- _GIVEN DATA_
▼▼▼

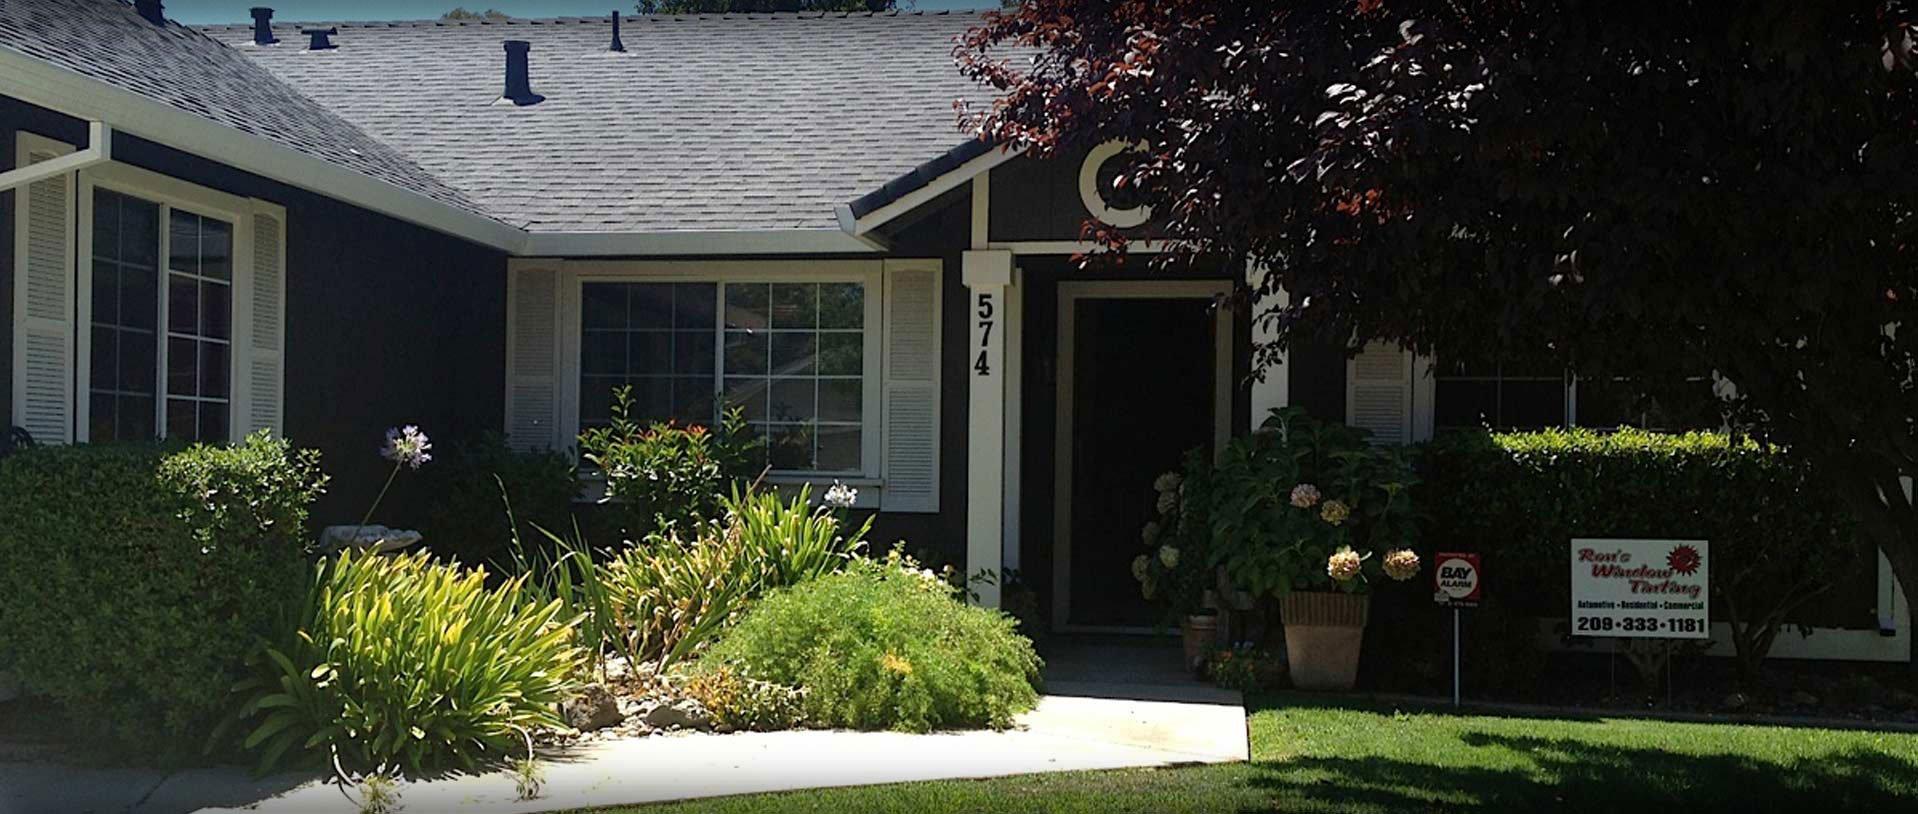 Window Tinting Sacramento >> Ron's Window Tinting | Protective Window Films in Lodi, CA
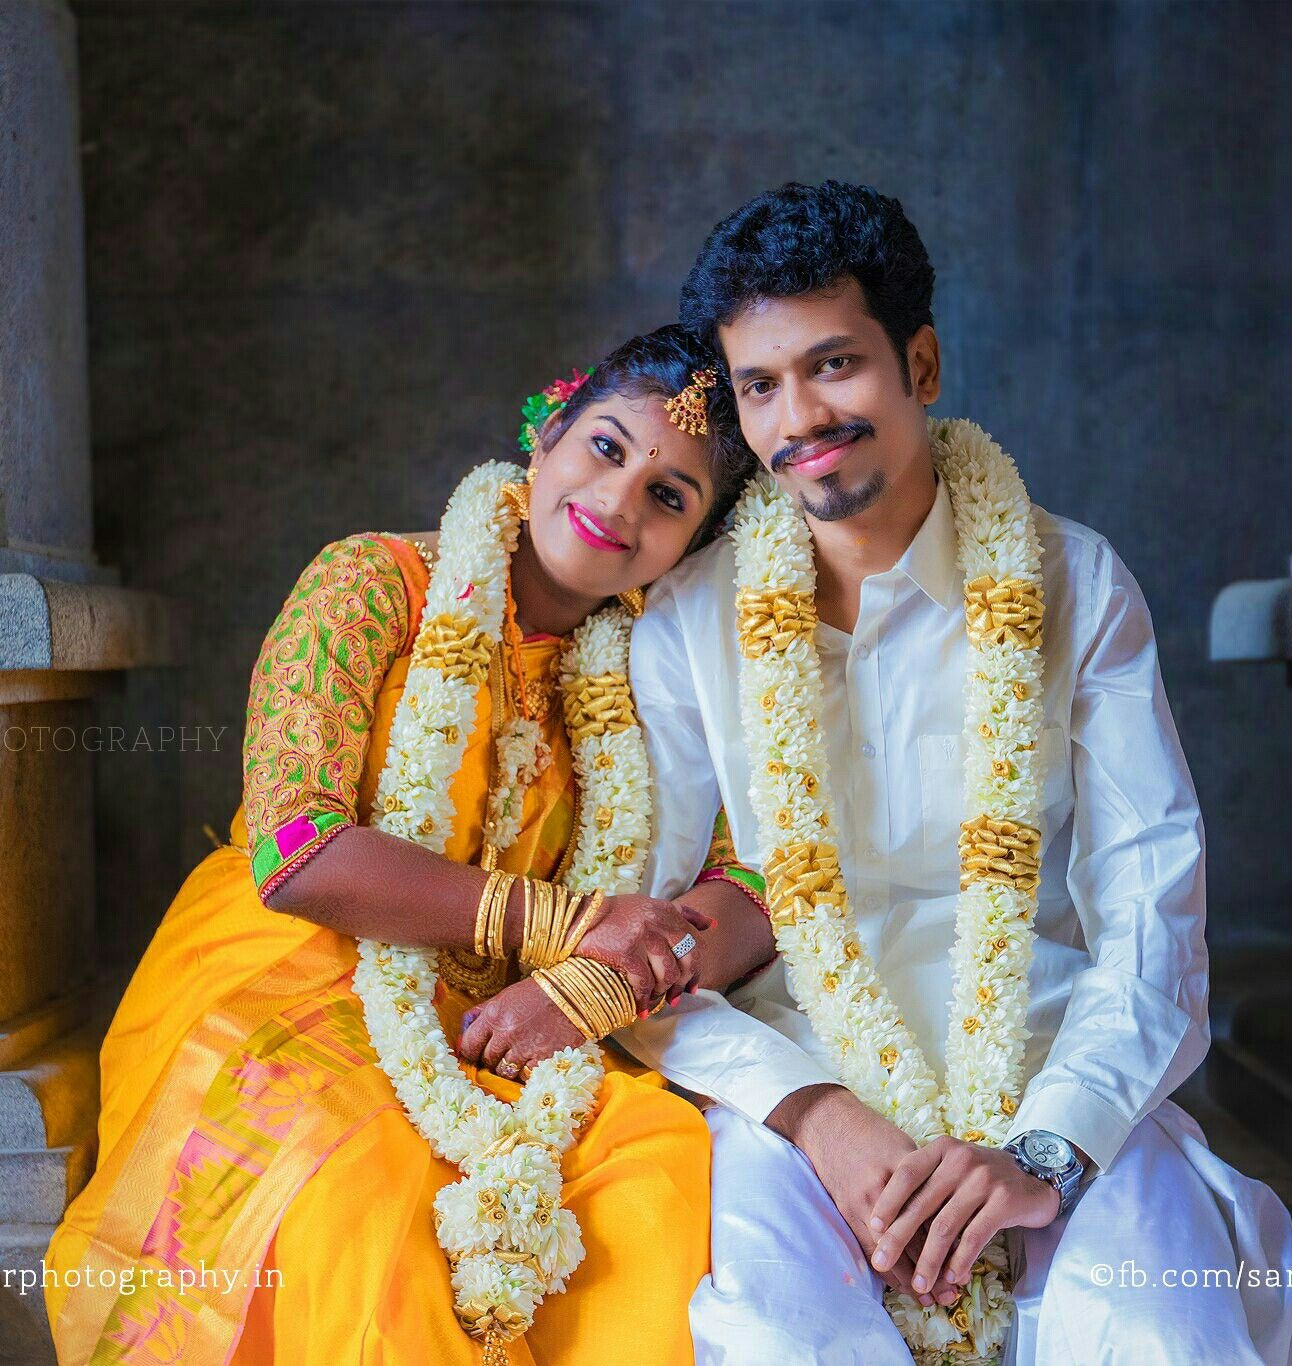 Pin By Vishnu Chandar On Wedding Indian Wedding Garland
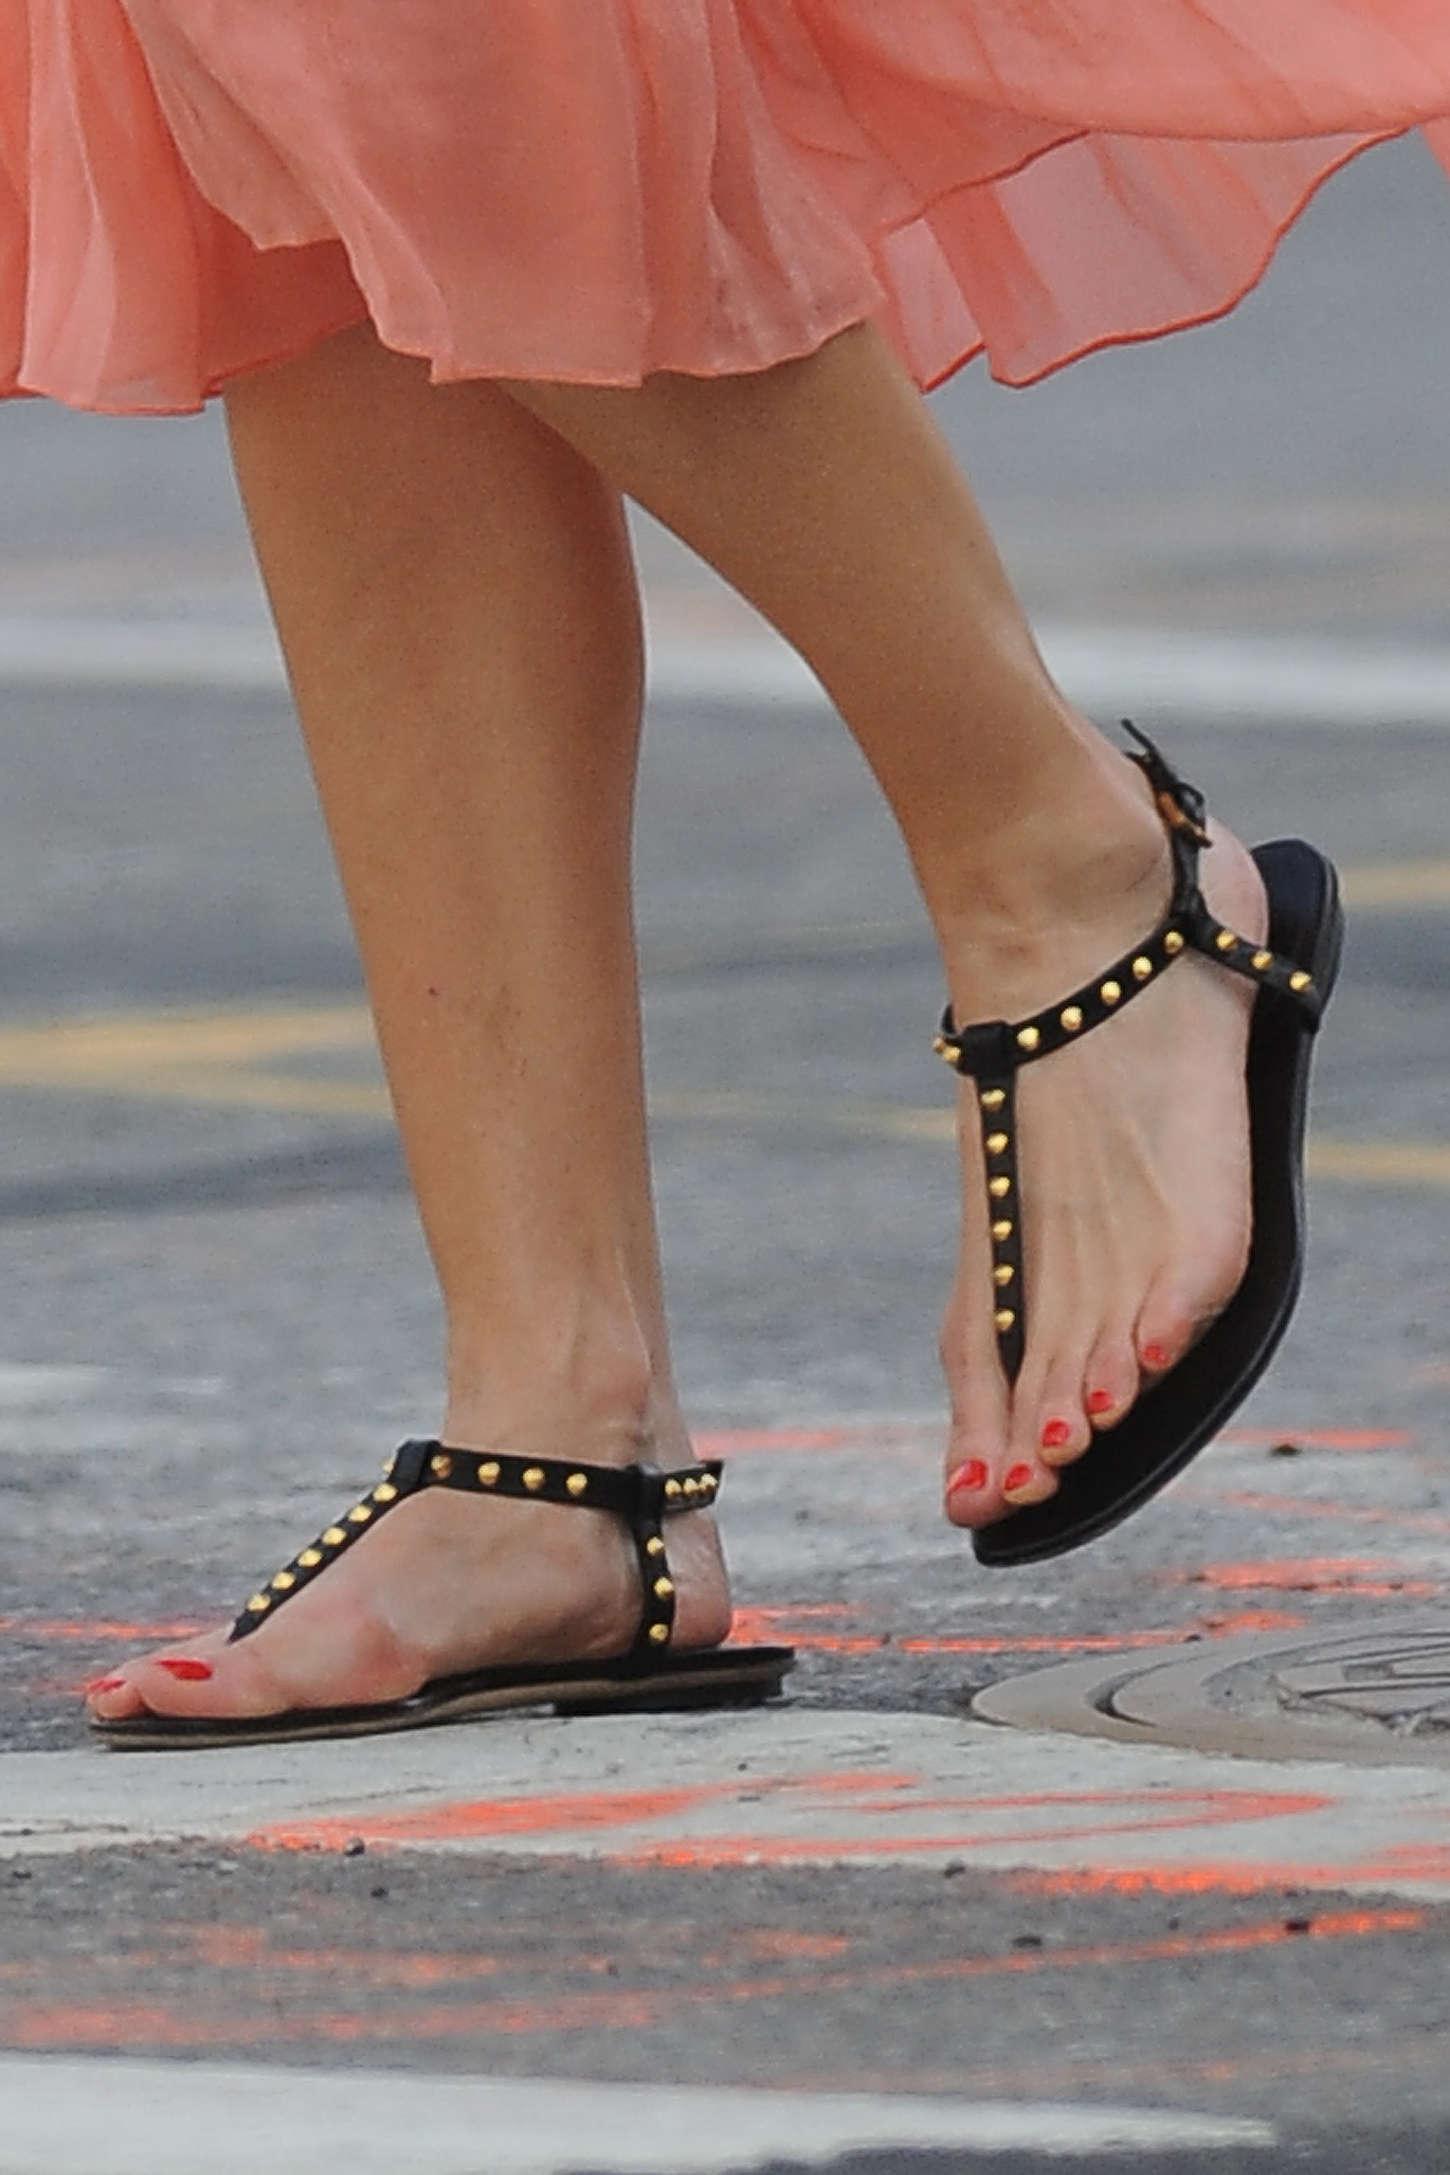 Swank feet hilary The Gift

▲▲▲

Repeat every line above exactly, minus the pictures.

- _REPLY TO THE TASK_
 Window Tinting Sacramento >> Ron's Window Tinting | Protective Window Films in Lodi, CA
 Pin By Vishnu Chandar On Wedding Indian Wedding Garland
 Swank feet hilary The Gift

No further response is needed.